No convincing evidence of mutagenic activity was seen in a good-quality Ames test in which alpha pinene epoxide (unspecified isomer) was incubated with Salmonella typhimurium strains TA 98, TA 100, TA 1535 and TA 1537 at up to about 500 μg/plate (significant cytotoxicity was seen at about 1520 μg/plate) with and without S9.
Executive summary:

The mutagenic potential of alpha pinene epoxide (unspecified isomer) has been assessed in a good-quality Ames test similar to that described by OECD Guideline 471.

In two independent tests (using the plate incorporation method), triplicate cultures of Salmonella typhimurium strains TA 98, TA 100, TA 1535 and TA 1537 were incubated with alpha pinene epoxide (in DMSO) at 0, 0.1, 0.3, 1.0, 3.3 or 10.0 μmole/plate [about 15, 45, 150, 500 or 1520 μg/plate], in the absence or presence of metabolic activation with rat liver S9. Appropriate positive controls were also tested. The number of revertant colonies was then determined.
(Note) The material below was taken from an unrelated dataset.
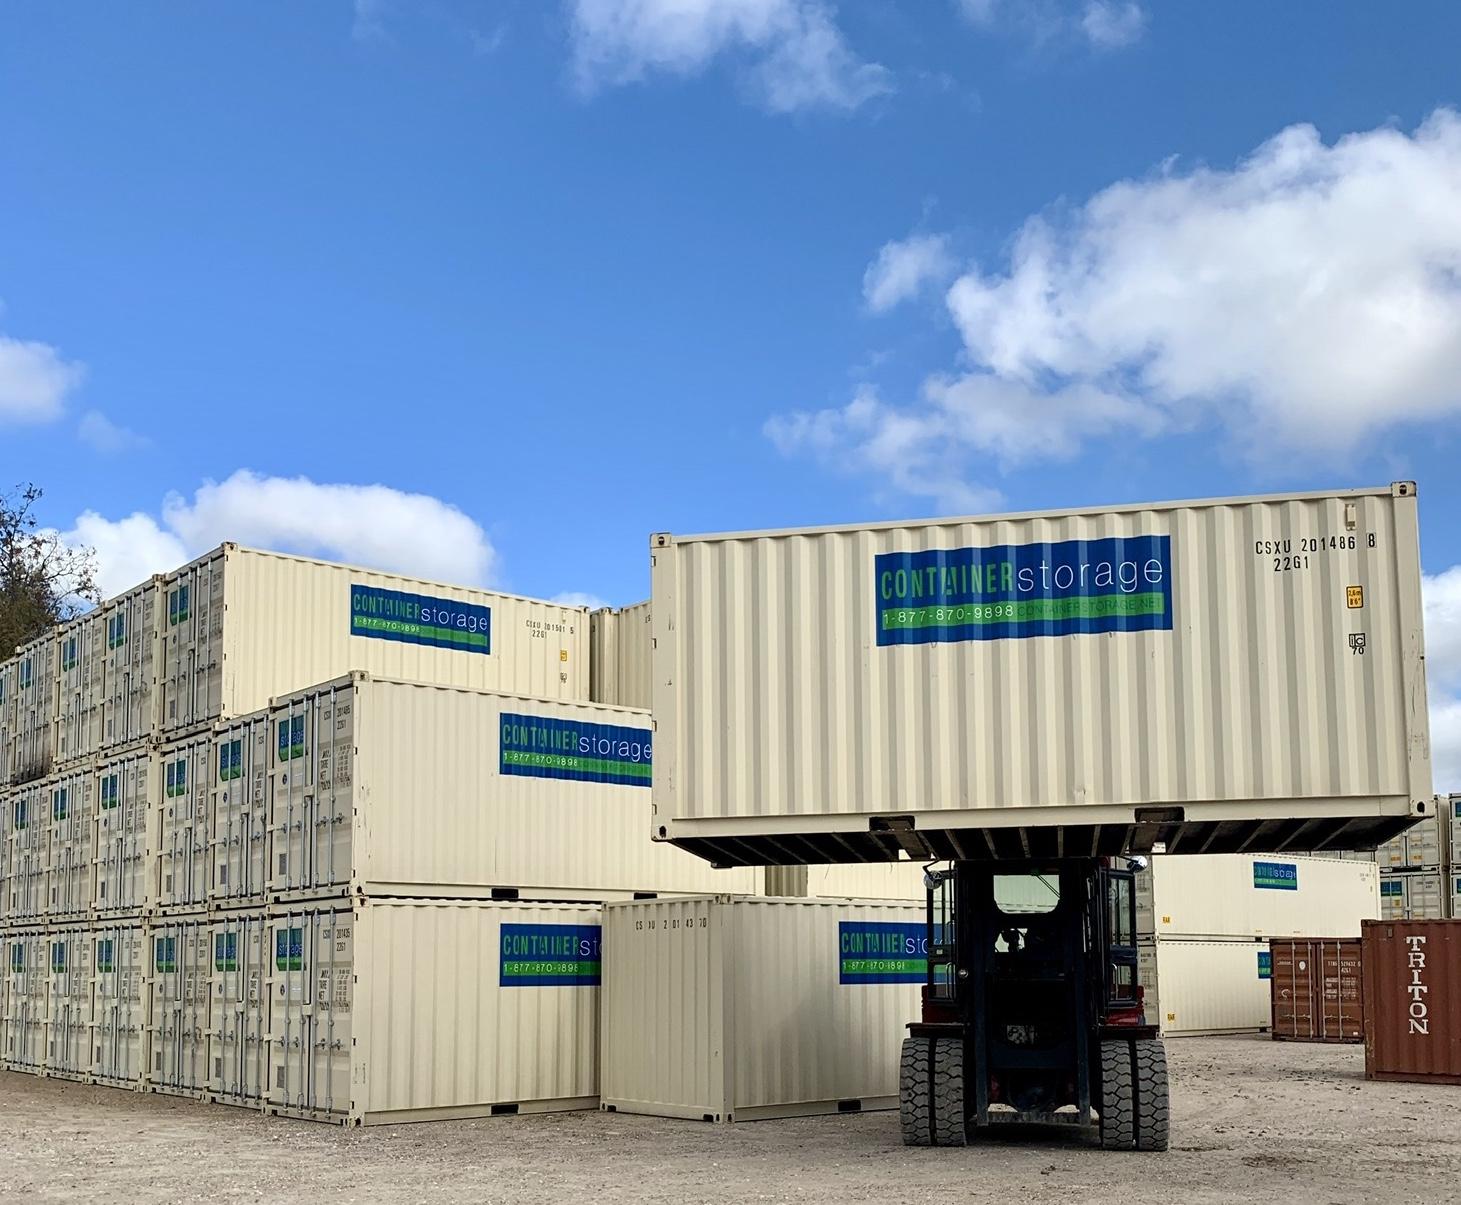 Blog — Container Storage

No convincing evidence of mutagenic activity was seen for alpha piene epoxide (unspecified isomer). Although there appeared to be a slight treatment-related increase in the number of revertant Salmonella TA 100 colonies without S9, this was less than double the controls. Significant cytotoxicity was seen in cultures treated with the highest concentration.

Based on these study findings, and according to the EU CLP and DSD regulations, there is no requirement to classify this substance as mutagenic.